Bodrum depremi sonucunda meydana gelen yerel ölçekteki küçük tsunamileri değerlendiren Alim Murathan, “Türkiye’de deprem sonrası yaşanacak tsunami tehlikesinin işaretidir. Bölgede, Ege Denizi’ndeki Girit Yayı-Kıbrıs Yayı bölgesinde Afrika plakasının kuzeye doğru hareketi sonucunda geçmişte şiddetli depremler meydana geldi. Bu depremlerin de ciddi hasarlara yol açan tsunamileri oluşturduğu bilinmektedir” hatırlatmasını yaptı.

"Tsunami planları yapılmalı"

Yerleşim yerlerinin belirlenmesinde zeminin jeolojik parametrelerinin önemine değinen Alim Murathan, yapıların mühendislik hizmeti almasının deprem hasarlarının en aza indirilmesinde en önemli faktörlerden biri olduğunu vurguladı. Depremin az hasarla sonuçlanmasının sevindirici olduğunu belirten Alim Murathan, devamla şunları söyledi: “Bu deprem, yerel yönetimlerde jeolojik, jeoteknik birimlerin oluşturulmasını ve kıyılarda yer alan yerel yönetimlerimizin jeoloji mühendislerinin koordinesinde tsunami planlarını yapılarak depremlere hazırlıklı olmasının bir zorunluluk olduğunu bizlere bir kez daha hatırlatmıştır. Yine söz konusu deprem, ülkemiz sınırları içinde herhangi hasara neden olmamakla birlikte, özellikle ülkemizin kıyı alanlarına yakın yerlerde meydana gelebilecek depremlerin zayıf zemin özelliklerine sahip yerleşim birimleri ile yine kıyı düzlüklerinde kurulan yerleşimlerin tsunamiden etkilenebilecekleri unutulmamalıdır.”

"Deniz içi aktif faylar haritalanmalıdır"

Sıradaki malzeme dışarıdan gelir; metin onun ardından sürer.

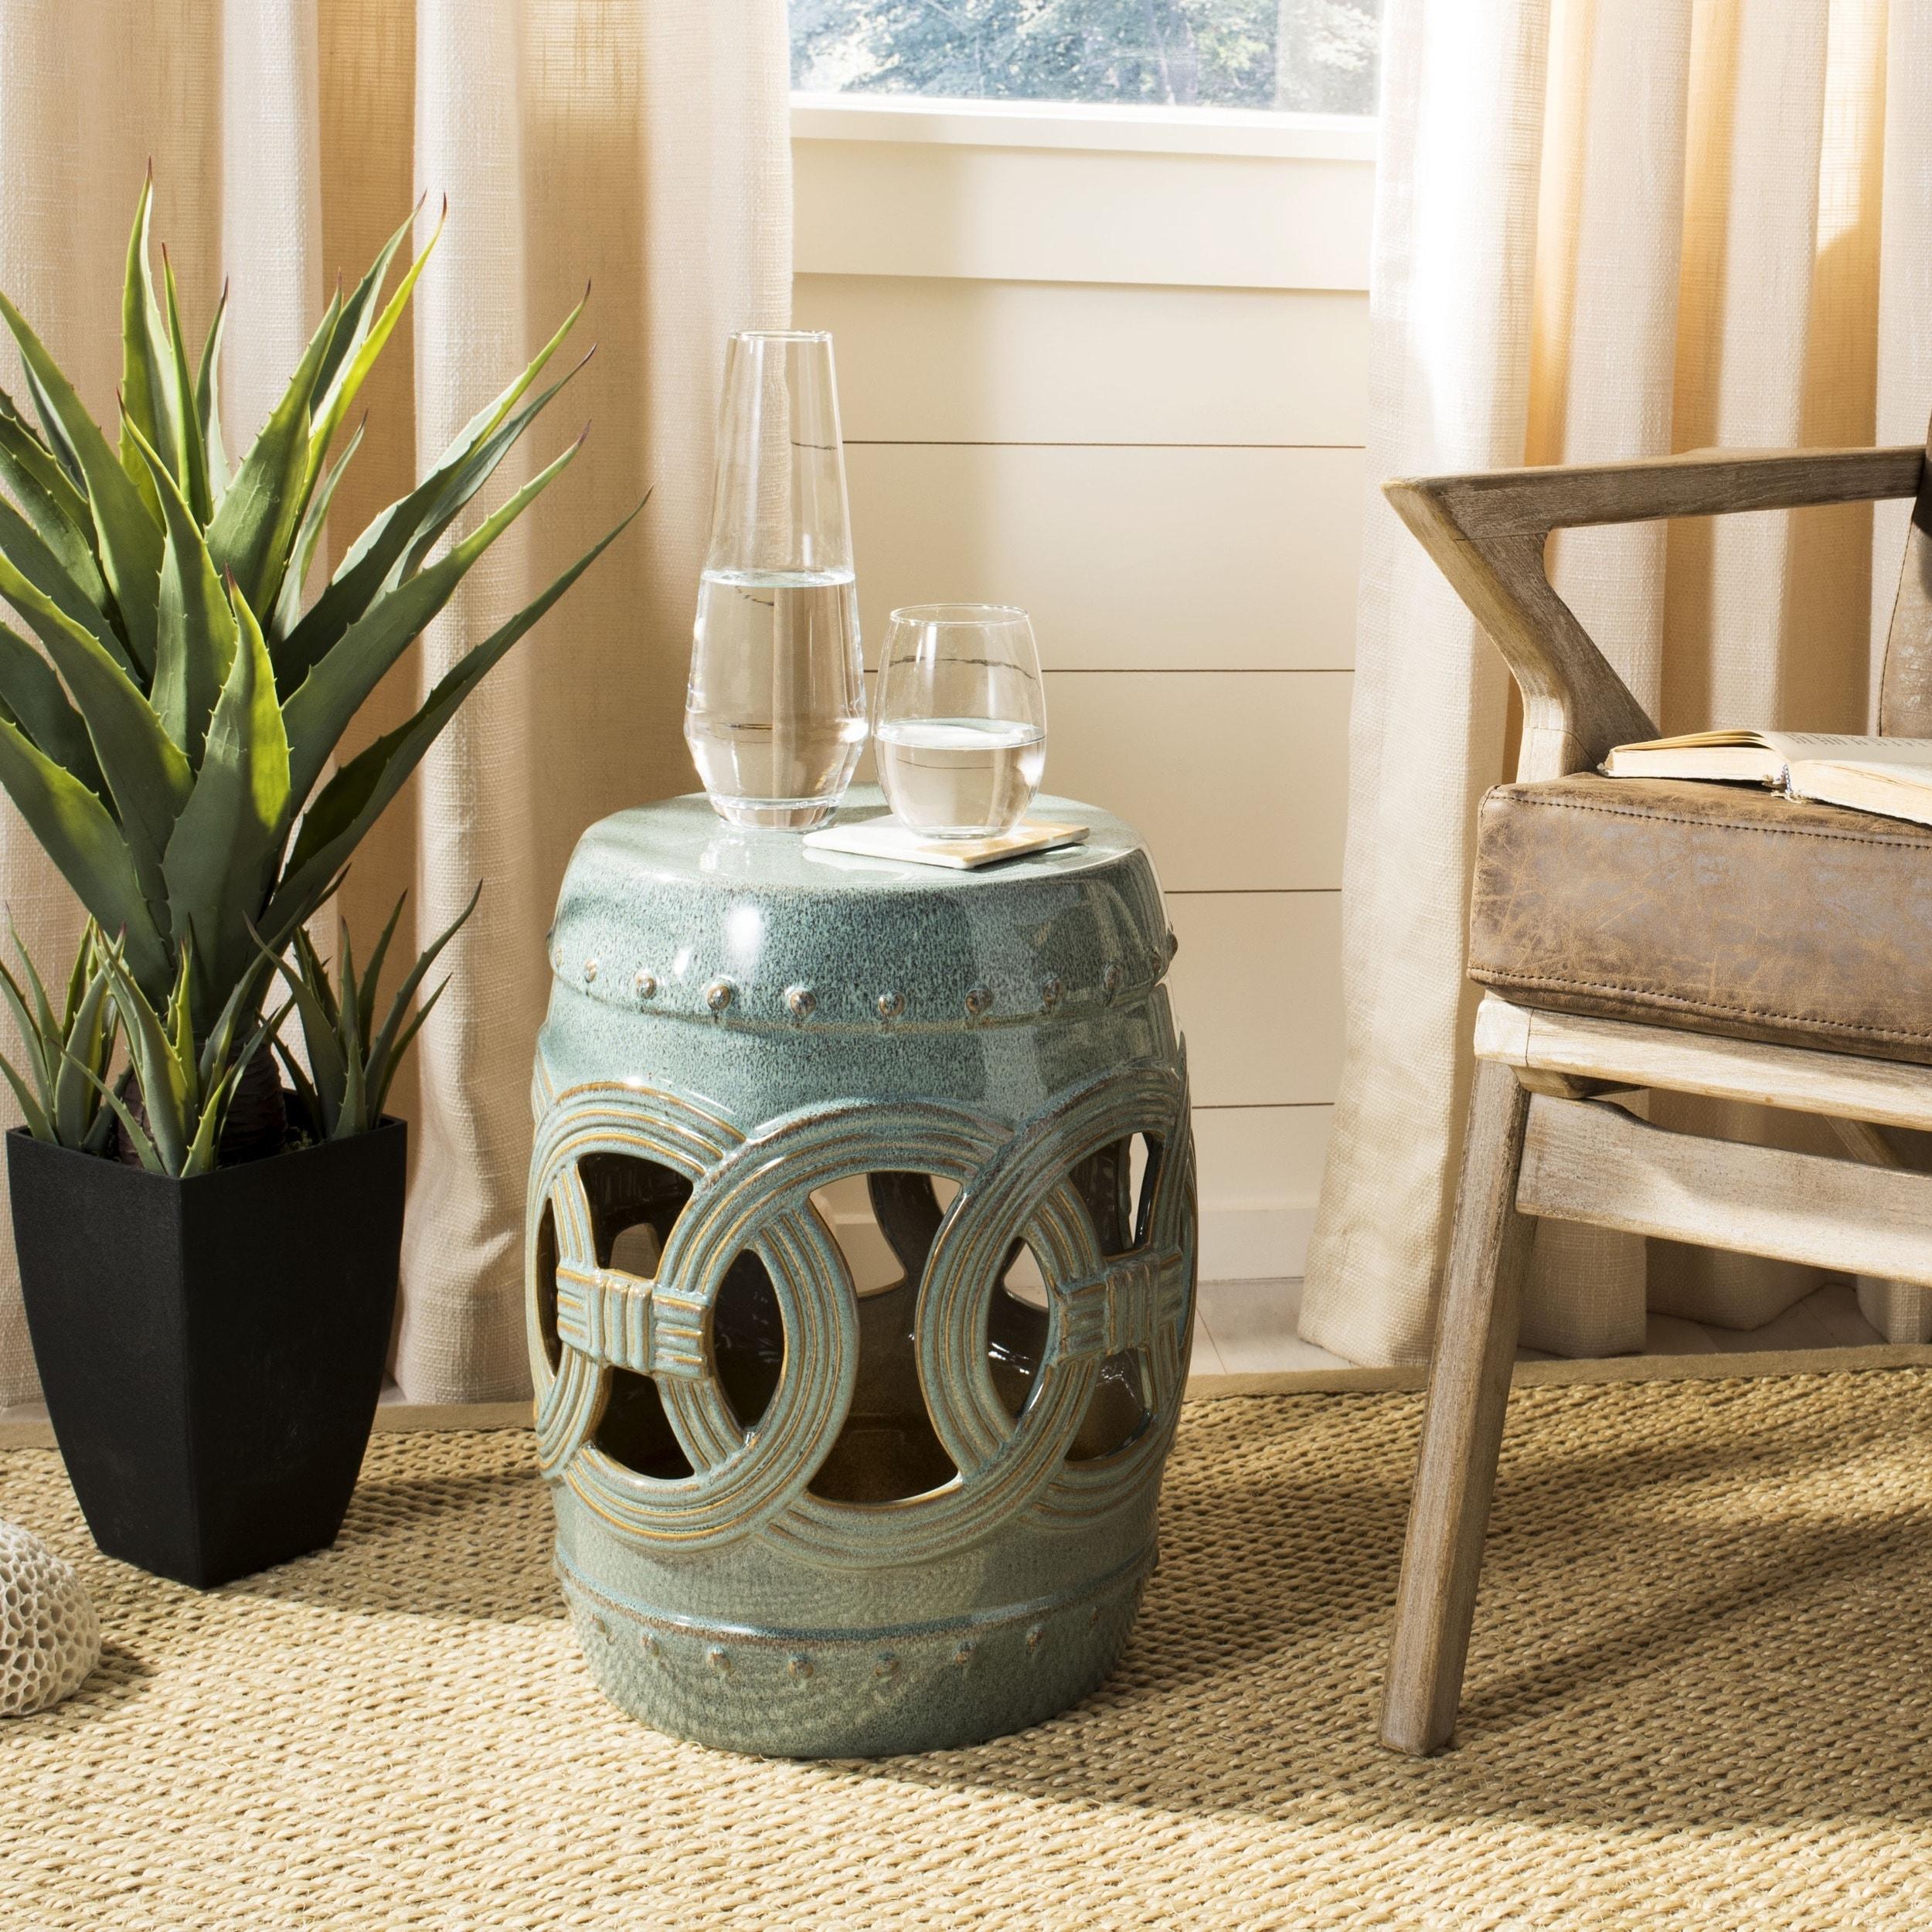 garden orange glaze ceramic living pineapple stool with colonial shop burnt stools seven outdoor

Maden, Tetkik ve Arama (MTA) Genel Müdürlüğü tarafından karasal alanları tehdit eden diri fay haritası 2012 yılında yenilendiğini belirten Alim Murathan, özellikle deniz içinde yer alan ve ülkenin kıyı alanlarını tehdit eden deniz içi aktif faylar konusunda, geçen süre içerisinde herhangi bir çalışma başlatılmamasını eleştirdi. Türkiye’nin 8 bin kilometreyi aşan kıyı alanına sahip olduğunu kaydeden Murathan, şunları aktardı: “Çok sayıda yerleşim birimi başta olmak üzere enerji alanındaki stratejik tesislerimiz, limanlar, turistik tesislerin çoğunluğu kıyı alanlarımızda yer almaktadır. Bu yerleşim birimleri ve tesislerin tamamı kıyı alanlarına yakın, deniz içi aktif fayların oluşturacağı depremler ve tsunaminin tehdidi altında bulunmaktadır. Başta Başbakanlık AFAD Başkanlığı ile MTA Genel Müdürlüğü olmak üzere, tüm sorumlu kurumların bir plan çerçevesinde kıyı alanlarımızı tehdit eden deniz içi aktif fayları konusunda araştırma başlatmalı ve yapılan çalışmalar sonucunda deniz içi aktif faylar haritalanmalıdır. Bu harita baz alınarak kıyı alanlarındaki yerleşim birimleri, tesisler ve yapılacak yatırımlar hızla gözden geçirilmelidir.”